The onOpenURL modifier on a NavigationStack or root view handles Universal Links without needing to bridge through UIKit:
NavigationStack(path: $navigationPath) {
ContentView()
.navigationDestination(for: AppRoute.self) { route in
routeView(for: route)
}
}
.onOpenURL { url in
if let route = AppRoute(url: url) {
navigationPath.append(route)
}
}
The key improvement in iOS 17 is that onOpenURL now fires correctly when the app is launched cold from a Universal Link, not just when the app is already in the foreground. Previous versions of SwiftUI had a race condition where cold-launch Universal Links would sometimes arrive before the view hierarchy was ready to handle them. That race is resolved in iOS 17.
If you are implementing deferred deep linking (routing users through an app install to a specific screen), the patterns described in the Tolinku deep linking features guide are still the right approach since iOS itself does not carry the link through installation.
What You Do Not Need to Change
A few things that caused concern when iOS 17 landed are actually non-issues.
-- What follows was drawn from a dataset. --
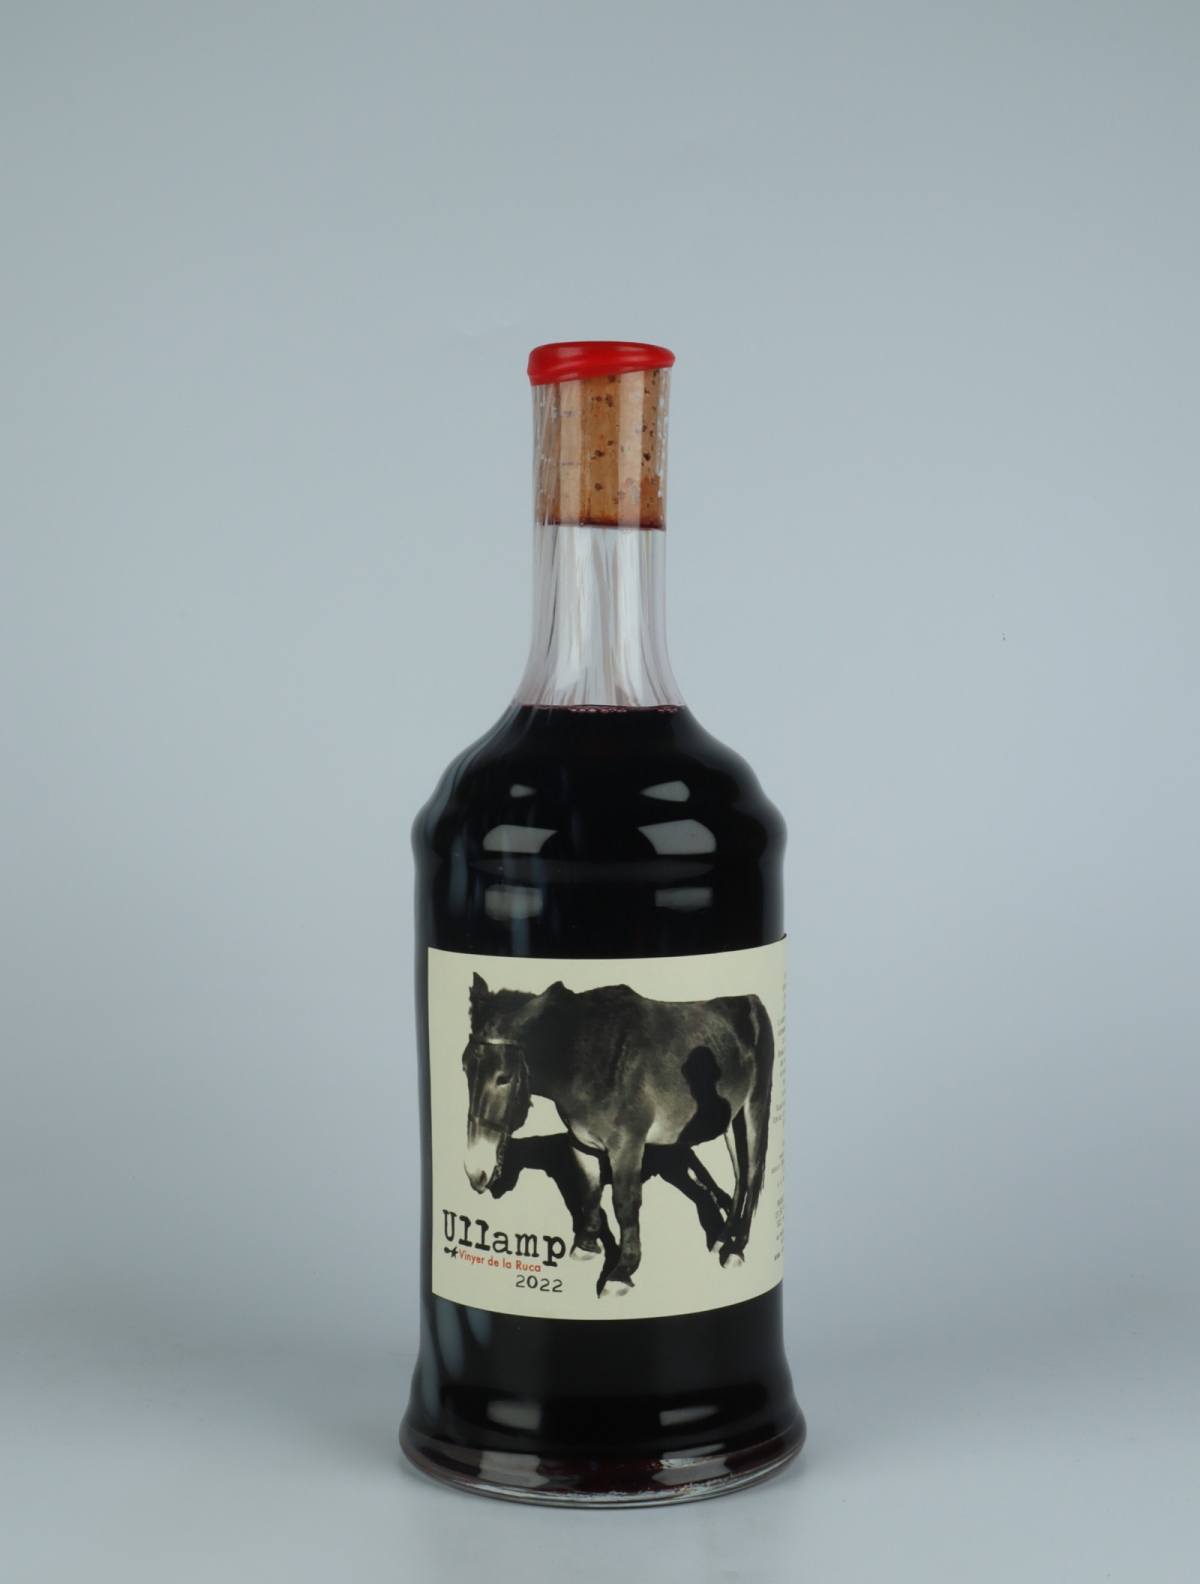 A bottle 2022 Ullamp Red wine from Vinyer de la Ruca, Rousillon in France
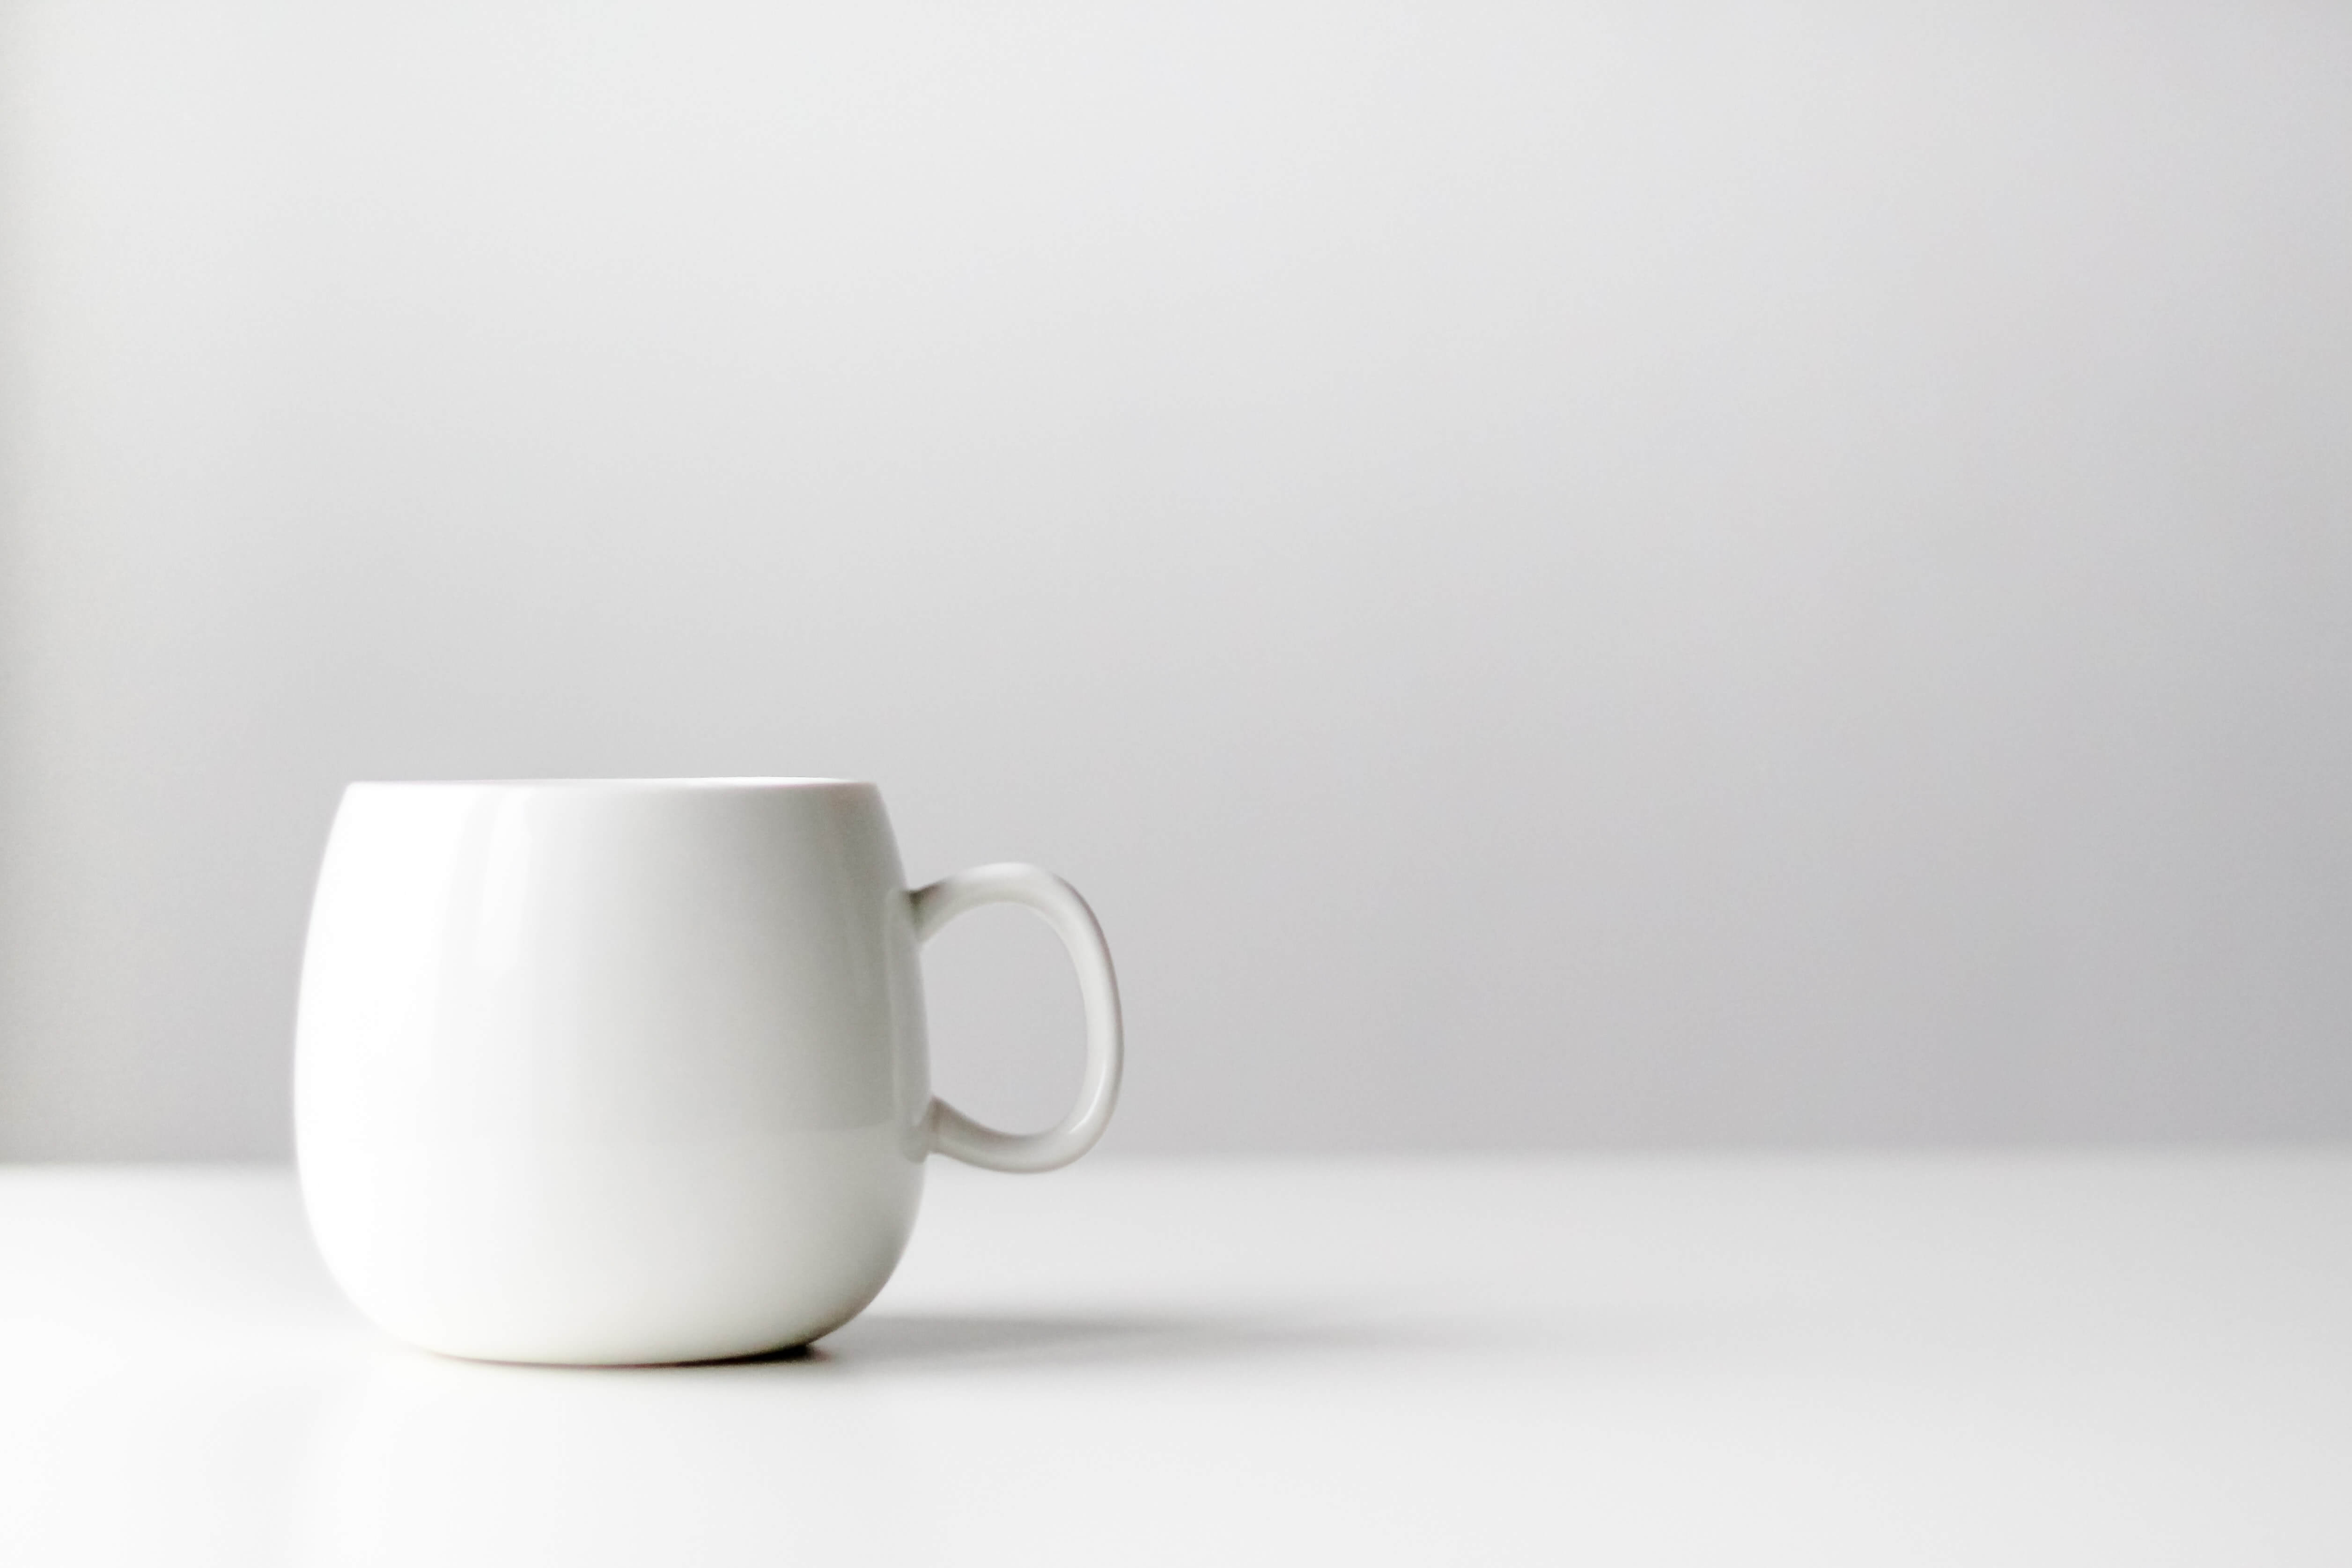 A mug on a white table

The "apps": [] key inside applinks was always a legacy placeholder and can be omitted entirely in the new format. If it is still in your file, that is fine; iOS ignores it.
The file location has not changed. /.well-known/apple-app-site-association is still the canonical path, and the root-level path /apple-app-site-association still works as a fallback.
The entitlements format in Xcode has not changed. Associated Domains are still configured the same way in your target's Signing and Capabilities settings.
Summary
For a broader comparison of how Universal Links behavior has evolved across iOS releases, see our article on Universal Links iOS version differences.
iOS 17 did not break Universal Links, but it introduced enough changes that a passive setup can start showing cracks. The components syntax is cleaner and more powerful than paths, the new diagnostic tools make debugging far less painful, and the App Store re-fetch shortens the propagation delay when you update your AASA file. If you have not revisited your setup since 2022 or 2023, now is a good time to run through the migration checklist above and validate your AASA file format against Apple's current documentation.
The Apple developer documentation for Supporting Associated Domains and the WWDC 2023 Universal Links session are the authoritative references for all of the changes covered here.